I could not find any affordable links except in kits, but I am sure you can find the links separate for less.


----------



## JD3430 (Jan 1, 2012)

I'm going to call local McCormick dealer tomorrow. He's a brand new dealer, so I don't know if his parts man is any good. 
I may also try a Case-IH dealer.


----------



## Gearclash (Nov 25, 2010)

I'm not sure I under stand what you are trying to accomplish JD? If you put a pin in the slot of the sway links, then pull the arm ends together, how close to category measurement are you? Without an implement the arms may seem to have too much sway but if they are held in unison they might not sway much if there is a pin in that slot. Maybe I'm way in la la land?


----------



## skyrydr2 (Oct 25, 2015)

Those links should work fine for proper cat2 implements?
Put pin in slot and lift fully to ajust to be tight. When lowering they become slightly loose. My Case 1594 has plates that contact the arms onthe inside. They can be ajusted in or out top or bottom. 
The NH 125 had links kind of like yours but with notches to ajust. 
How they work depends on what hole they are mounted in back by the axle. The closer to the lower arms pivot point the less they tight when lifted.
All the mfr's have their own ideas and methods as to how this works. Best to ready your manual to get a full understanding.


----------



## JD3430 (Jan 1, 2012)

My bottom arms sway probably 1-2' left or right when raised or lowered. It doesn't seem to change much. 
Since I don't do any plowing and mostly use my 3pt for a sprayer or spreader, I'd like to have the 3pt arms stay very steady in raised position. Also, when I pull my 8' landscape rake, the 3pt will be lowered and will need to be steady.
Honestly, I've never seen slotted-only links. And they seem useless, unless there's something installed incorrectly, or something I'm misunderstanding.
Kubota has a slot, but also has holes. I use the Slot for installing arms on cat 2 attachments. Then once you have them on, you pull pin from slot, and put it in the hole to lock it.

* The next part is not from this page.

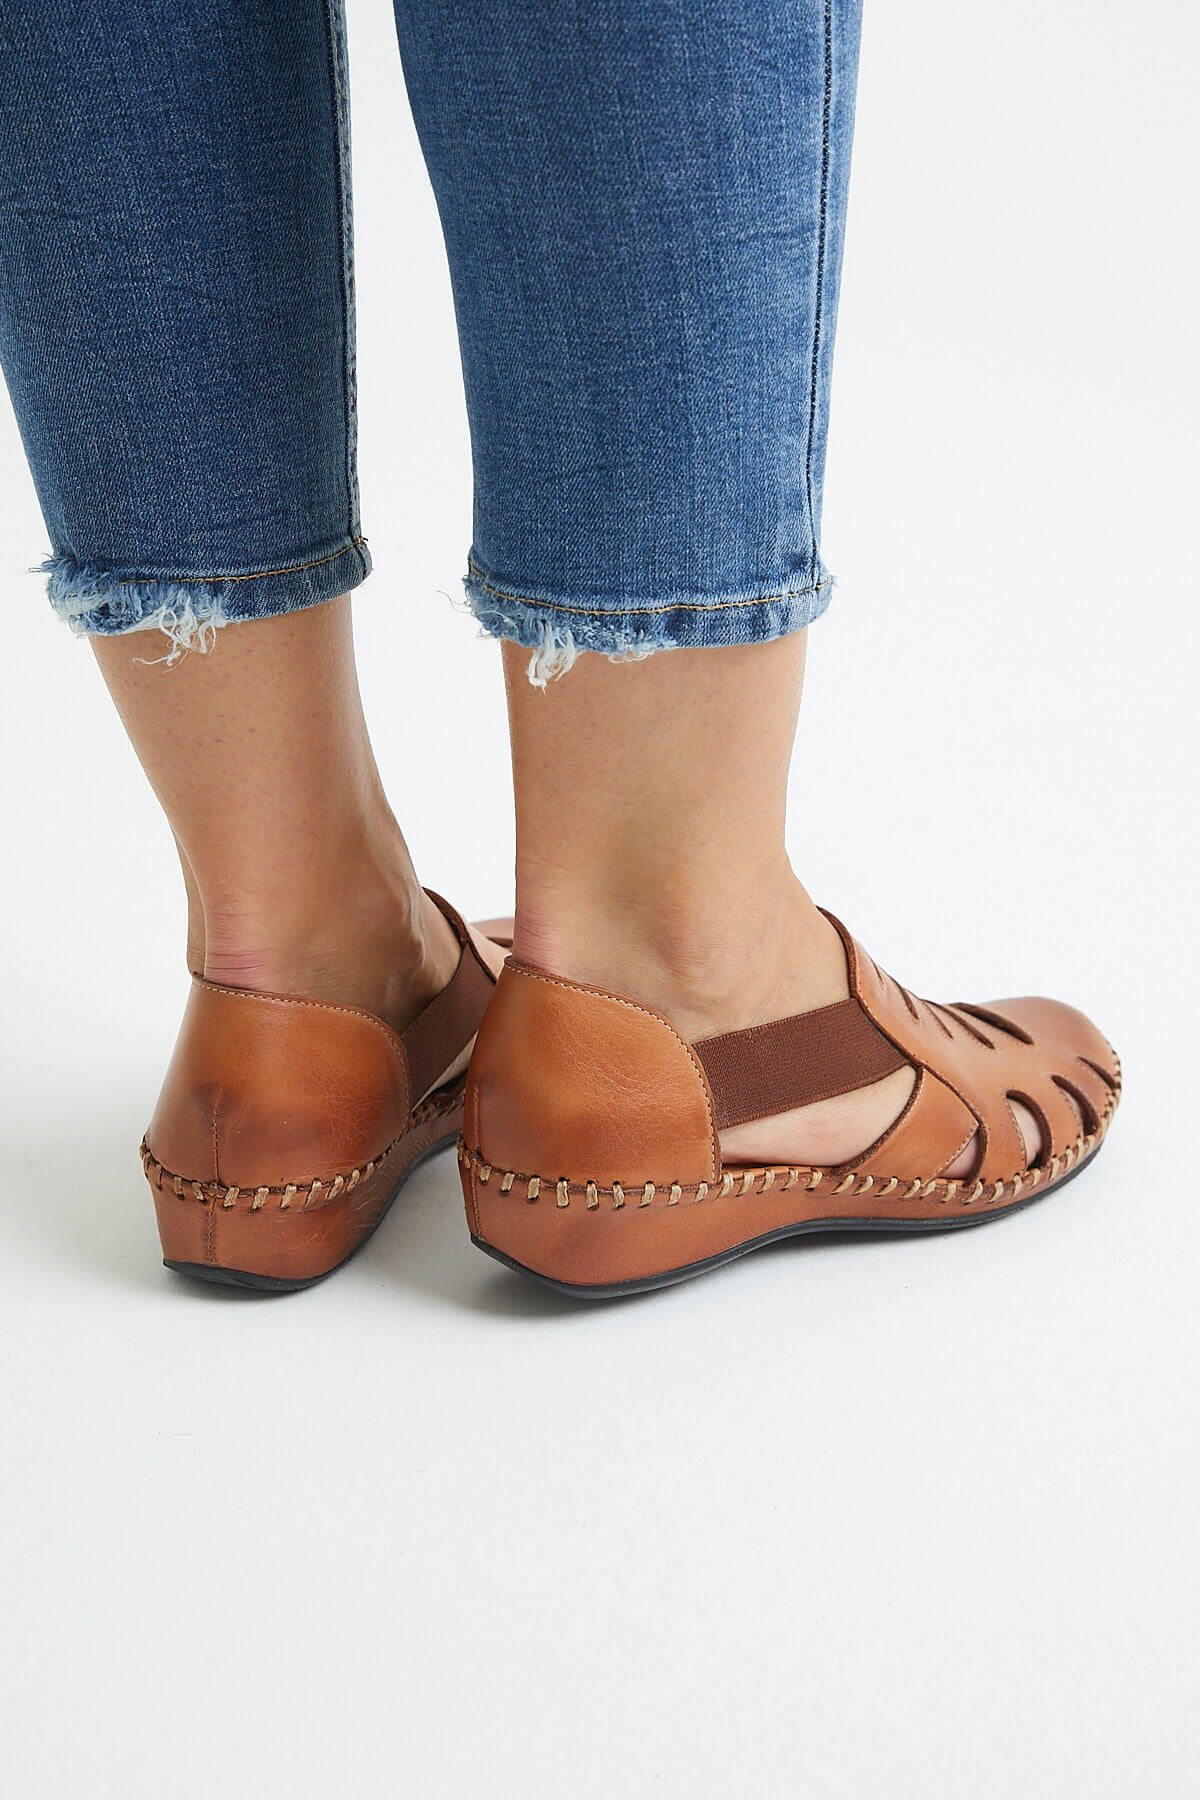 Kadın Comfort Deri Sandalet Taba 18791395 - Thumbnail

Works perfect.

I need stabilizers with slot and holes, or maybe just holes if both are not available.


----------



## Gearclash (Nov 25, 2010)

Are you seeing that much sway with an implement attached?


----------



## slowzuki (Mar 8, 2011)

I've been trying to explain it but the ones with slots you need to turn the adjustable part of the arms to take up all the slack in the slot so the arm on each side is at the end of the slot.


----------



## JD3430 (Jan 1, 2012)

slowzuki said:


> I've been trying to explain it but the ones with slots you need to turn the adjustable part of the arms to take up all the slack in the slot so the arm on each side is at the end of the slot.

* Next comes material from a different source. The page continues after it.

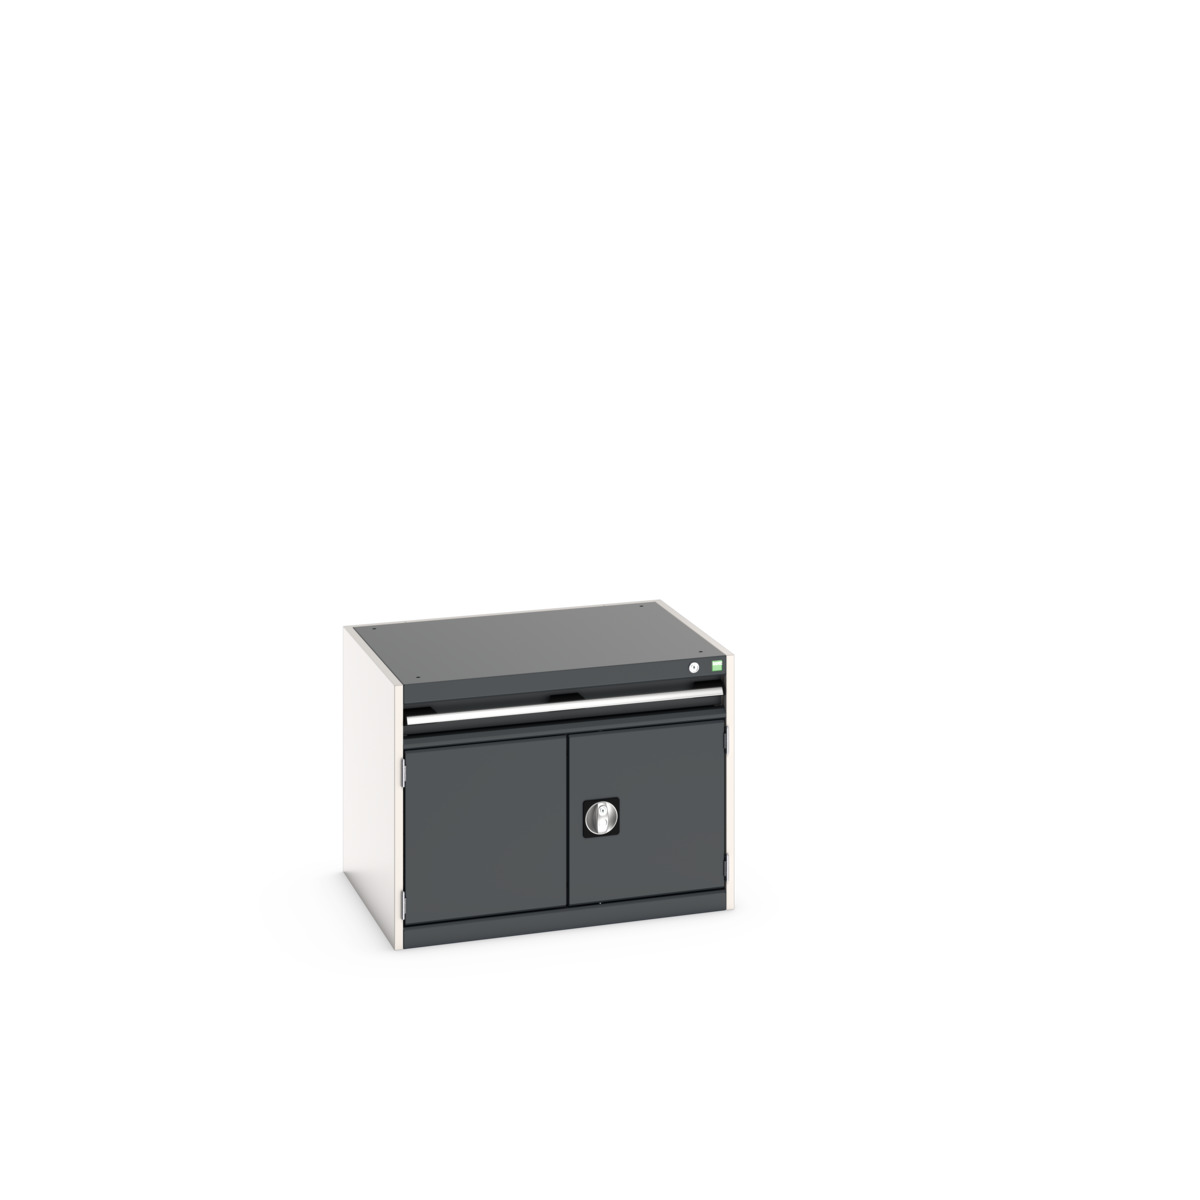 40020001. - cubio drawer-door cabinet

I'm pretty sure the adjuster (assume you mean the threaded side that hooks to tractor axle) do not thread inward far enough to close the slot down to a pin-sized hole. 
Even if they did, it would be a real PITA to have to thread/unthread them constanly. It would be much easier to have links with slot & holes, wouldn't it?

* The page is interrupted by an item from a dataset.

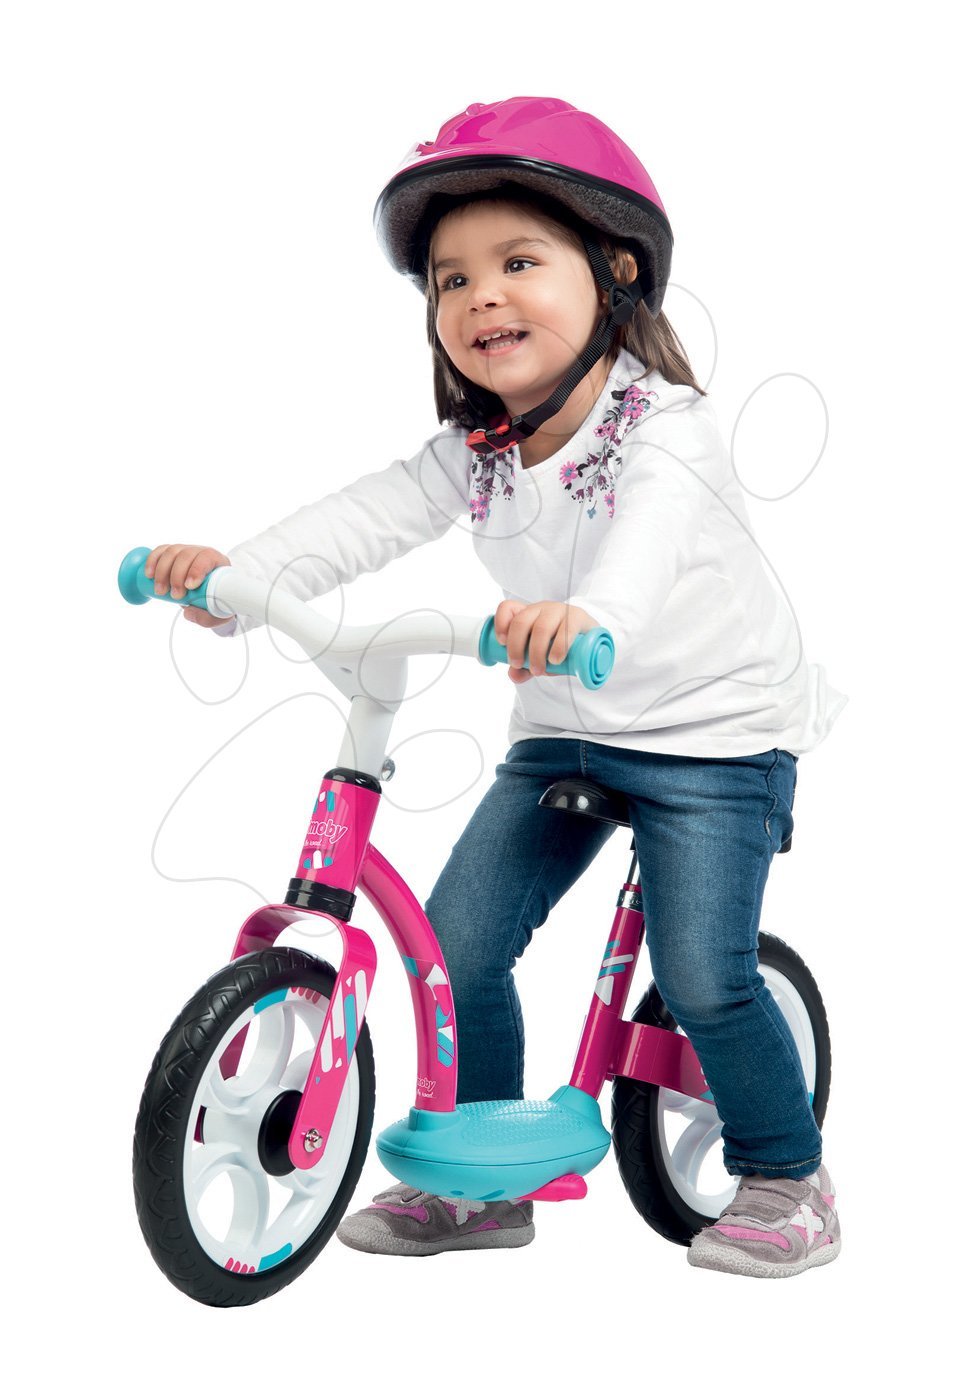 Odrážadlá od 18 mesiacov - Balančné odrážadlo Learning Bike Smoby s nastaviteľnou výškou sedadla bielo-ružové od 24 mes

I guess it would work, but it's an awfully backward ass excercise versus holes in the links


----------



## JD3430 (Jan 1, 2012)

More info: called one of the local dealers. He says they offer a threaded link with no holes or slots. 
Sounds no better to me.
I think I may have no choice but to drill mine with 2 or 3 holes. 
I do worry that once holes are drilled, none will "center" the implement perfectly. 
Only way you could insure centering is to leave links on tractor and mark them first.

Hard to believe this is really my only option. Unless Ken you have an idea or I'm missing something very simple.


----------



## mike10 (May 29, 2011)

Drilling holes only in the outer tube will not give you a satisfactory end product. The rod also needs to be drilled. The holes in the rod will be closer together than the outer tube holes. Your Kubota is probably like that.


----------



## JMT (Aug 10, 2013)

JD3430 said:


> I'm pretty sure the adjuster (assume you mean the threaded side that hooks to tractor axle) do not thread inward far enough to close the slot down to a pin-sized hole.
> Even if they did, it would be a real PITA to have to thread/unthread them constanly. It would be much easier to have links with slot & holes, wouldn't it?
> I guess it would work, but it's an awfully backward ass excercise versus holes in the links


Have you hooked something up yet to make positive that the slot does not adjust out?

Both sides have to work together, with the attachment, to adjust out the slot. Once slot is adjusted out, with both arms hooked, the attachment should be stable. Then, when you unhook one arm, the slots will come back into play. No further thread adjustment needed.

If the slots will adjust out, system should work pretty good. Adjustment amount will depend on measurements of your attachments. Biggest negative I see is that with slots adjusted out it would put pressure on lynch pins.


----------



## 8350HiTech (Jul 26, 2013)

JD3430 said:


> More info: called one of the local dealers. He says they offer a threaded link with no holes or slots.
> Sounds no better to me.
> I think I may have no choice but to drill mine with 2 or 3 holes.
> I do worry that once holes are drilled, none will "center" the implement perfectly.
> ...


If you drill them and your holes don't yield the perfect snugness or centering, you can tweak them by adjusting the threaded ends, even as little as a half turn could help. Once you have those ends threaded where you want them, you probably won't have to touch them again.

Also, an mike10 said, multiple holes in both rod and tube wil yield the best results and your Kubota should provide an excellent example.


----------



## slowzuki (Mar 8, 2011)

Ok some digging around shows these are the proper links.

https://www.vapormatic.com/tractor-parts.ashx?manuid=ML&m=McCormick&typeid=010&t=Agricultural%20tractor&seriesid=0&areaid=039#part_list/VPL3348

So they are shared across the CIH tractors that I'm familiar with the older versions of those that had check chains.

They show slotted kubota style sway links that cross over.

I still think the links should be adjustable to tension the arms from each side so they stop sway.

I had the earlier CIH sway chains with turn-buckle on a 584 and 585. Because we ran Cat 1 and Cat 2 stuff we couldn't set them tight enough to stop Cat 2 sway because then the arms wouldn't close tight enough for Cat 1.

Looking at your pictures its almost like the threads were damaged so you can't get to the threads for the shortest settings. What is that necked down section of threads about?


----------



## JD3430 (Jan 1, 2012)

slowzuki said:


> Ok some digging around shows these are the proper links.
> 
> https://www.vapormatic.com/tractor-parts.ashx?manuid=ML&m=McCormick&typeid=010&t=Agricultural%20tractor&seriesid=0&areaid=039#part_list/VPL3348
> 
> ...


Do they have ones with loops on both ends?


----------